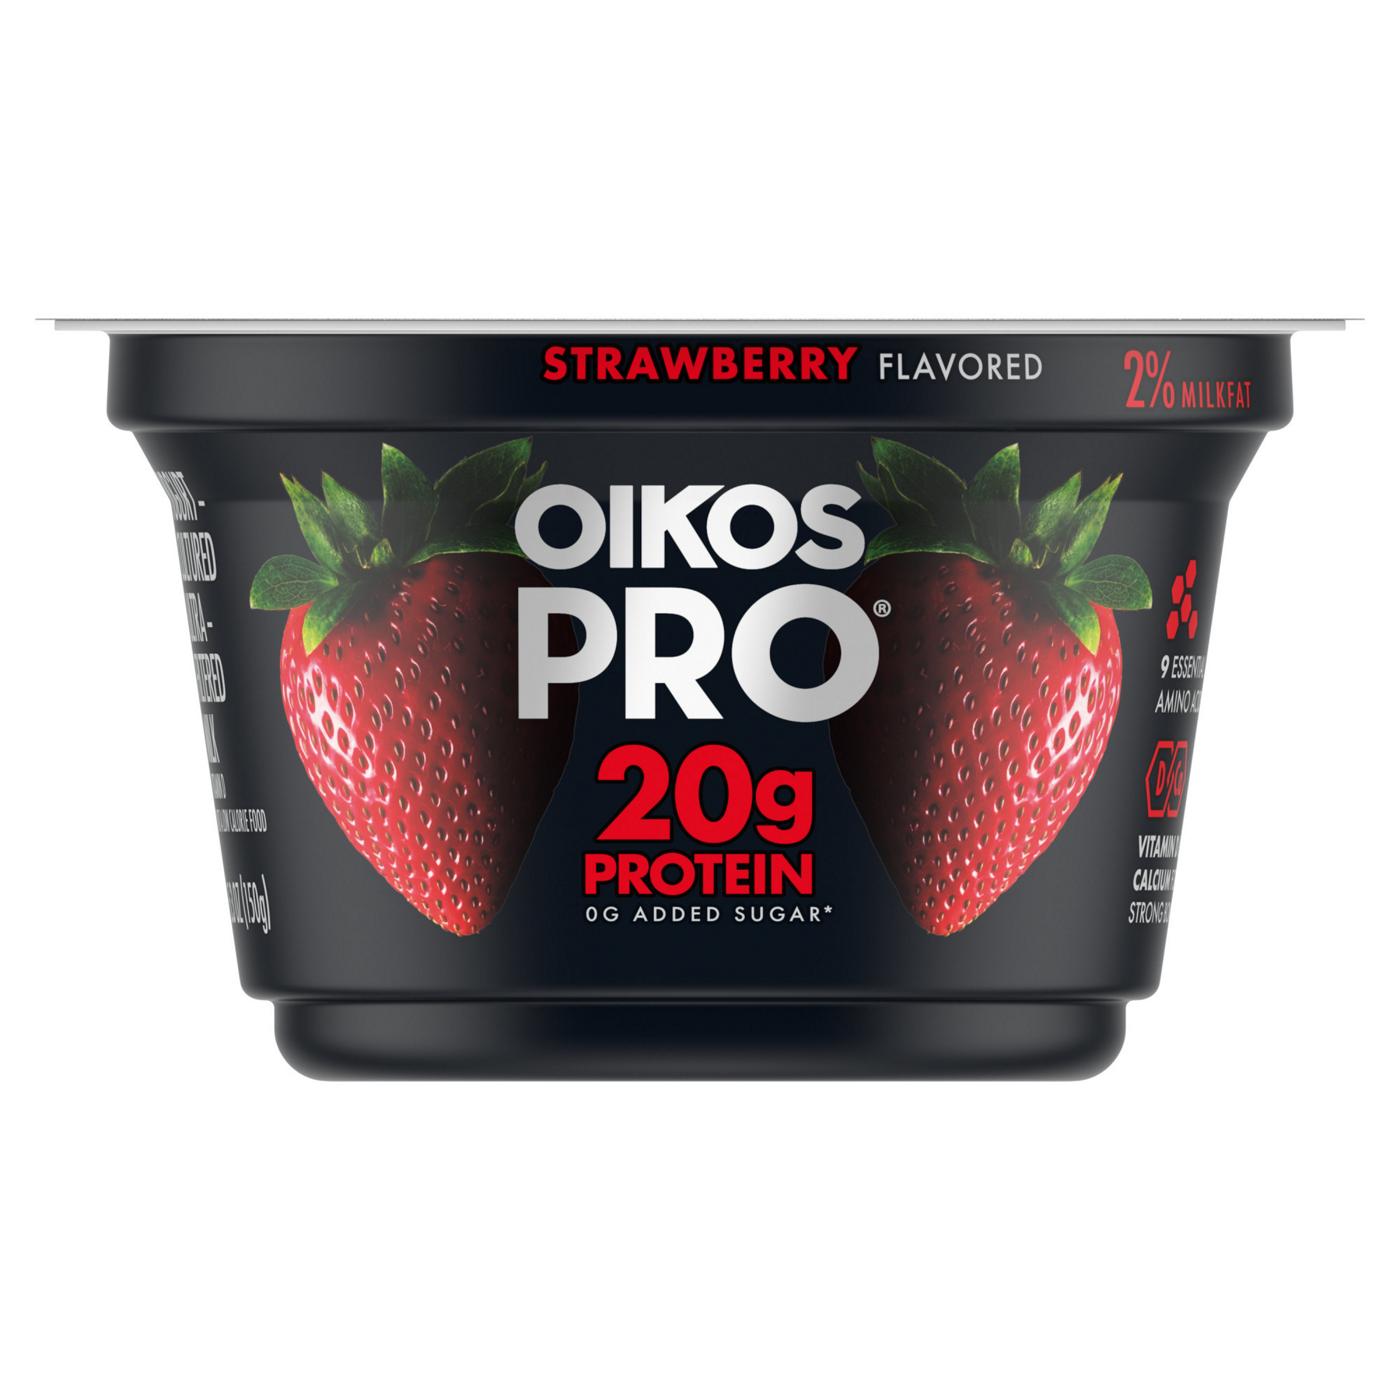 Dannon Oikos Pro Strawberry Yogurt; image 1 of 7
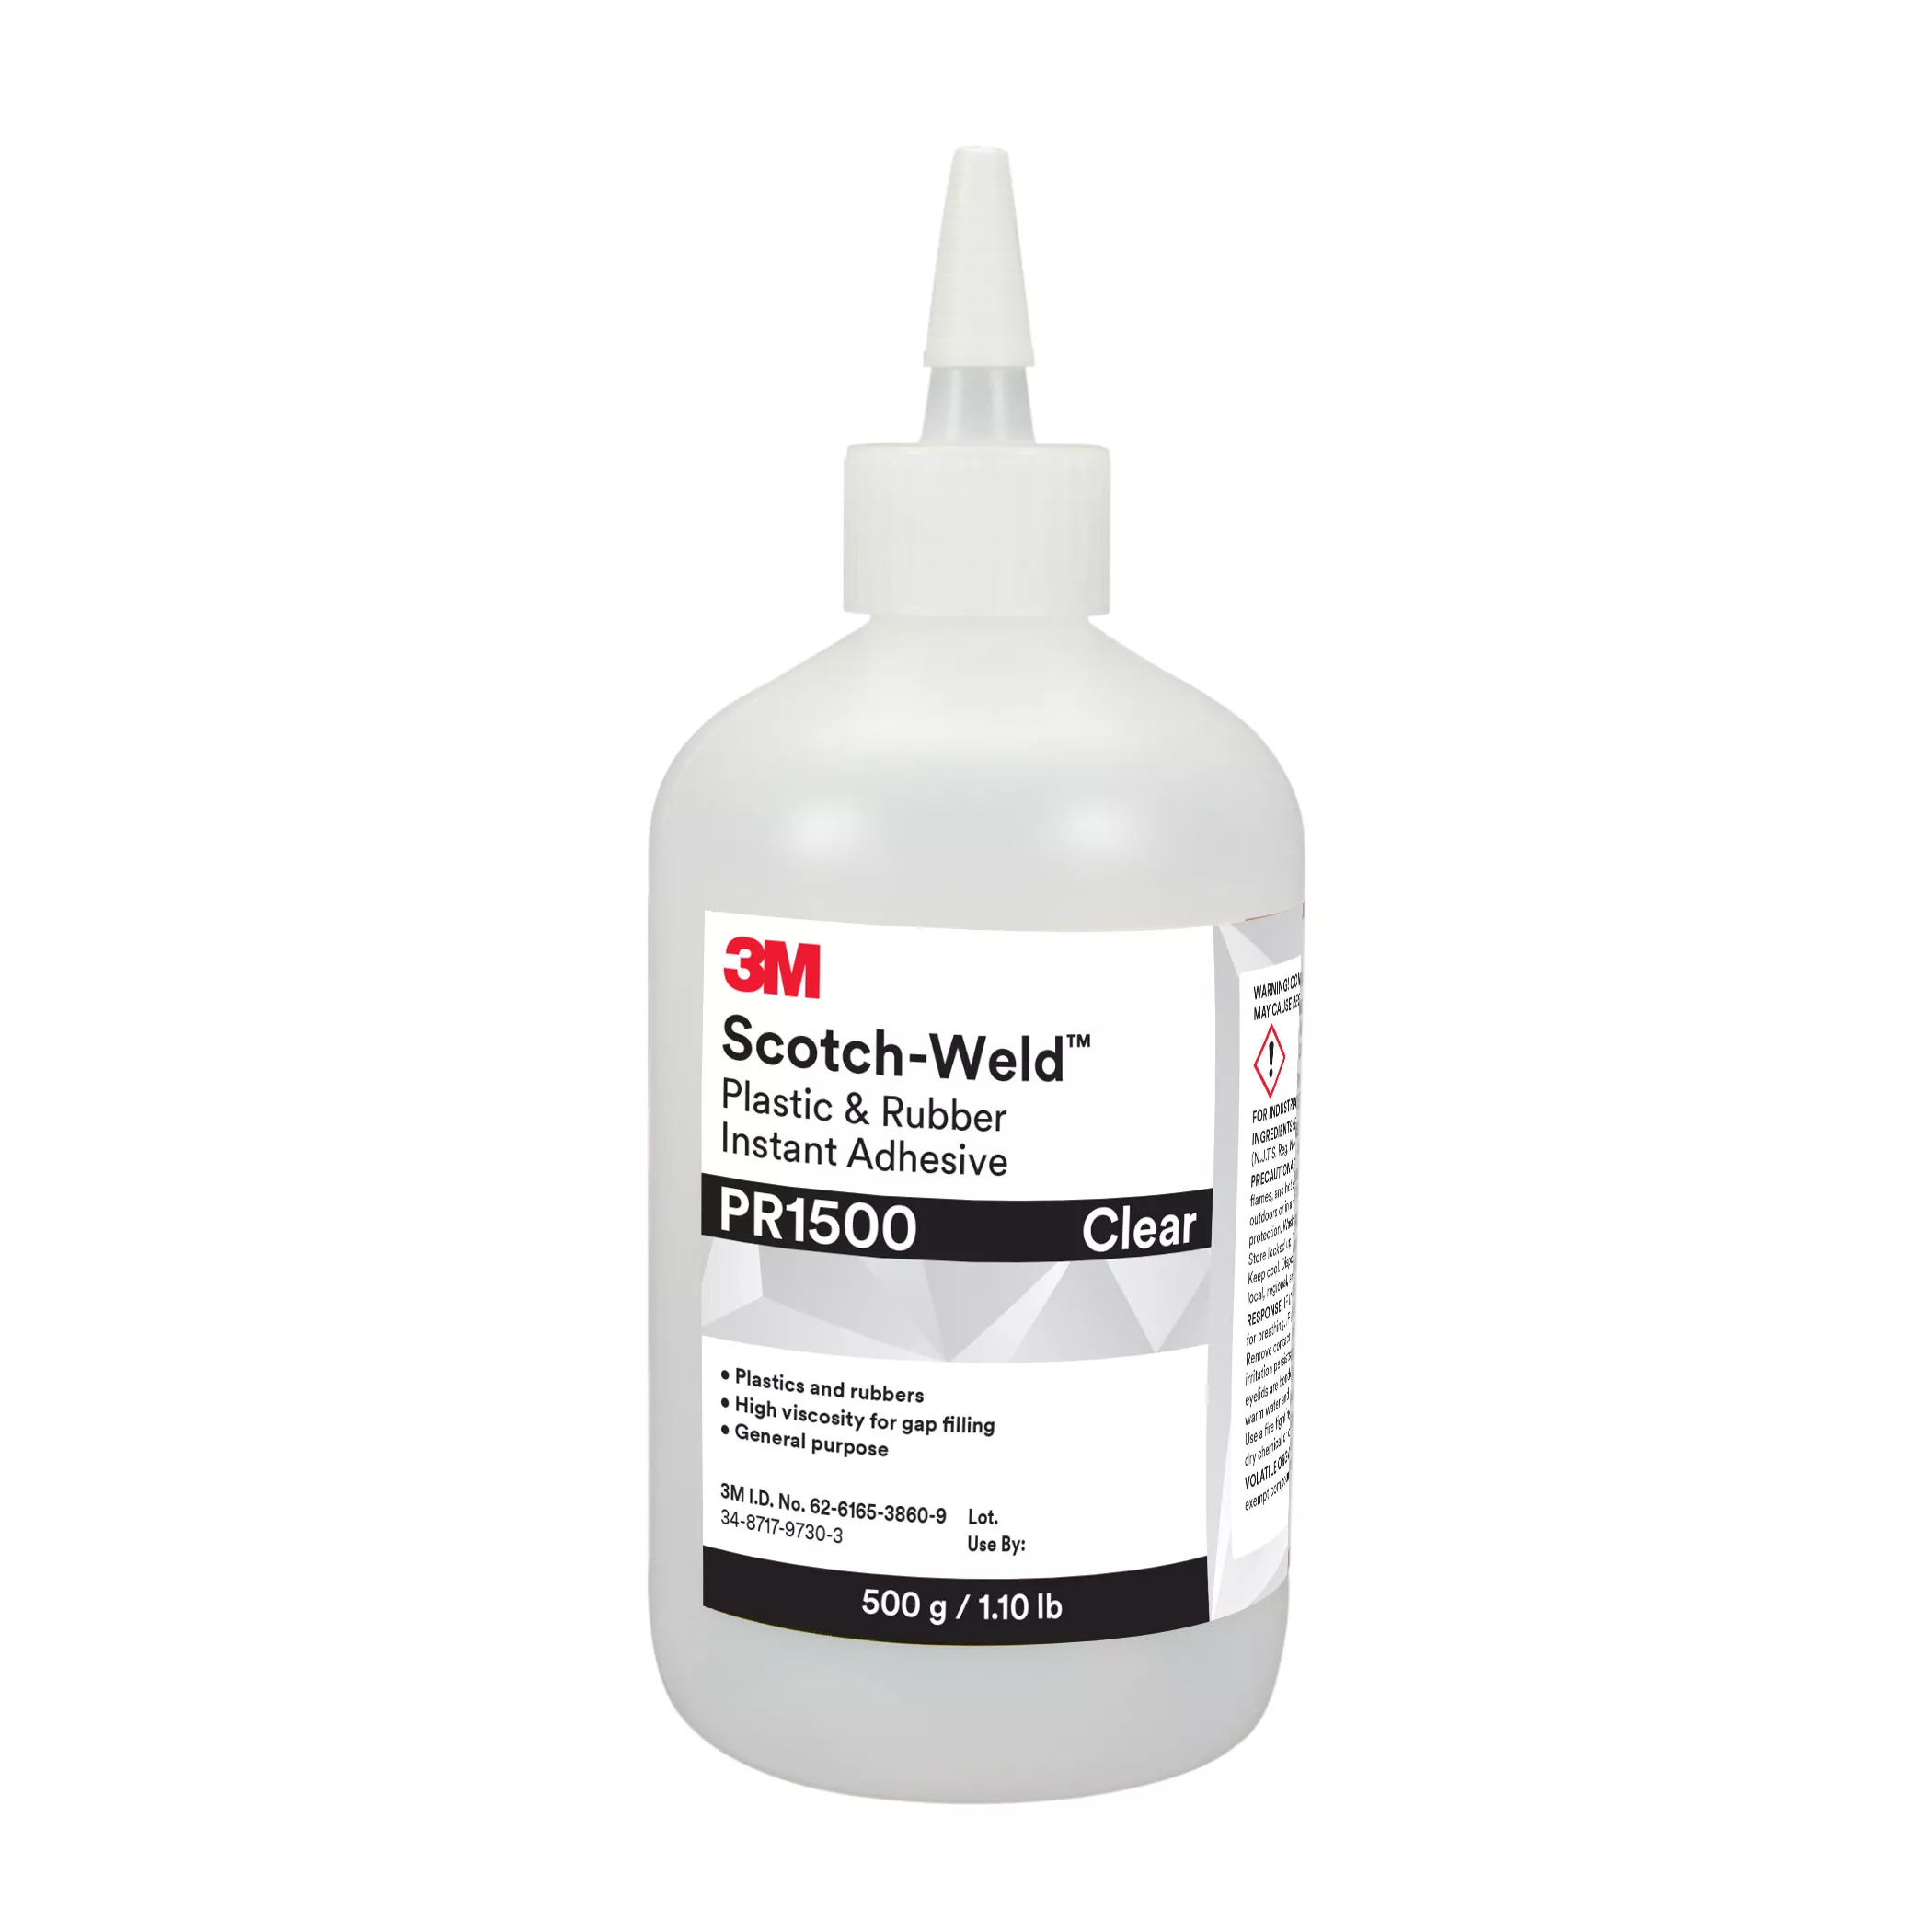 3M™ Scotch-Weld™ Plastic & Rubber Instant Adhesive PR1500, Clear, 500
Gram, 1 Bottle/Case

--------------------------------------------------

Assigned task.
Everything in the data except the pictures should be restated word for word.

Final answer.
 Dannon Oikos Pro Strawberry Yogurt; image 1 of 7
 3M™ Scotch-Weld™ Plastic & Rubber Instant Adhesive PR1500, Clear, 500
Gram, 1 Bottle/Case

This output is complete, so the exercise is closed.